The tar command creates an archive, and gzip is a command to compress a single file. Combined, they create a tar.gz file. Nowadays the tar command alone can compress and extract tar.gz files. (The same applies to other compression formats.)
Compression
$ time tar czf large-pkg.tar.gz large-pkg
real 11m33.942s
user 11m18.811s
sys 0m55.573s
After compression: 5.5 GiB
Extraction
$ time tar xf large-pkg.tar.gz
real 3m39.544s
user 2m1.189s
sys 2m58.317s
Extracting with tar and gzip
$ time sh -c 'gzip -dc large-pkg.tar.gz | tar xf -'
real 3m40.416s
user 2m0.272s
sys 3m0.043s
Speed is almost the same.
Parallel extraction (pigz)
$ time sh -c 'pigz -dc large-pkg.tar.gz | tar xf -'
real 3m53.711s
user 1m38.147s
sys 4m42.893s
Not much change.
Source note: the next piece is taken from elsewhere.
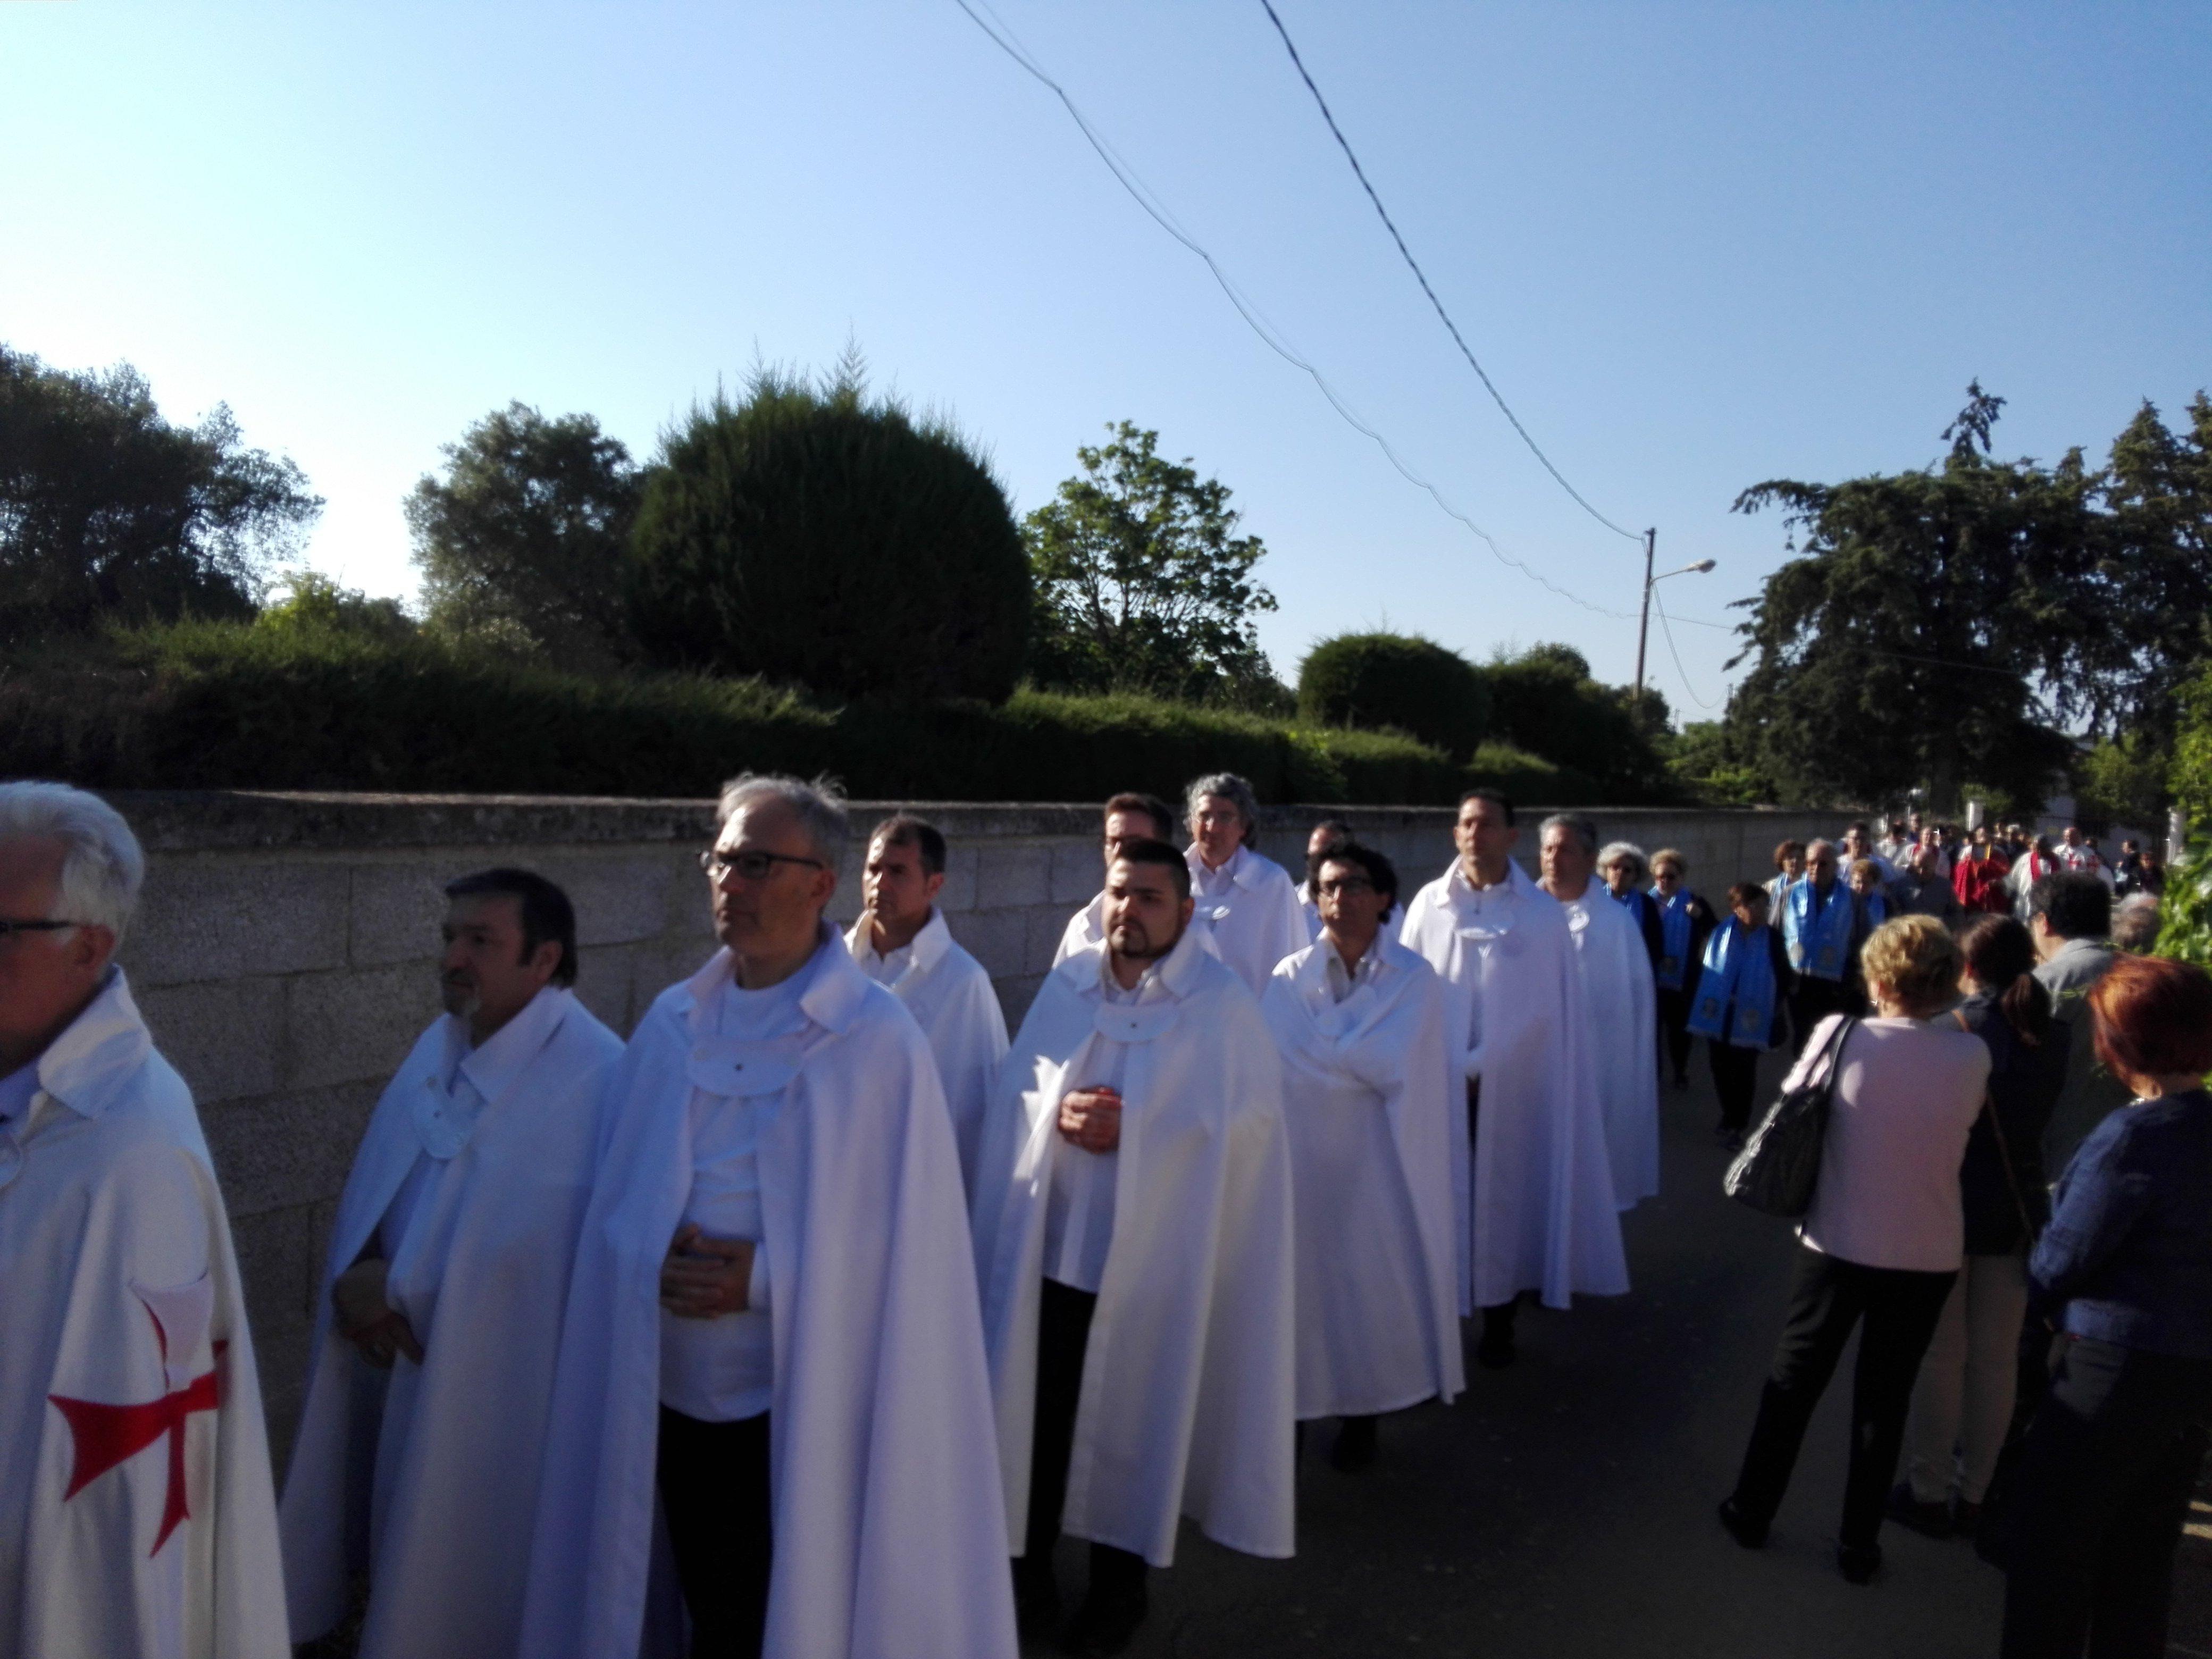 I Templari Cattolici d'Italia partecipano alle celebrazioni in occasione dell'ostensione della reliquia della Santa Sindone a Latiano.

It seems disk I/O is the bottleneck.
bzip2
Compression
$ time sh -c 'tar cf - large-pkg.1 | bzip2 > large-pkg.tar.bz2'
real 37m22.743s
user 28m40.329s
sys 3m31.000s
After compression: 4.3 GiB
Compression takes long, but the compression ratio is fairly good.
Extraction
$ time sh -c 'bzip2 -dc large-pkg.tar.bz2 | tar xf -'
real 11m31.287s
user 9m52.644s
sys 4m17.974s
Extraction also takes time, but the decompression ratio is fairly good.
xz
Compression
$ time sh -c 'tar cf - large-pkg | xz > large-pkg.tar.xz'
real 125m31.447s
user 124m10.523s
sys 5m18.330s
After compression: 3.3 GiB
Compression ratio is excellent, but it takes too long.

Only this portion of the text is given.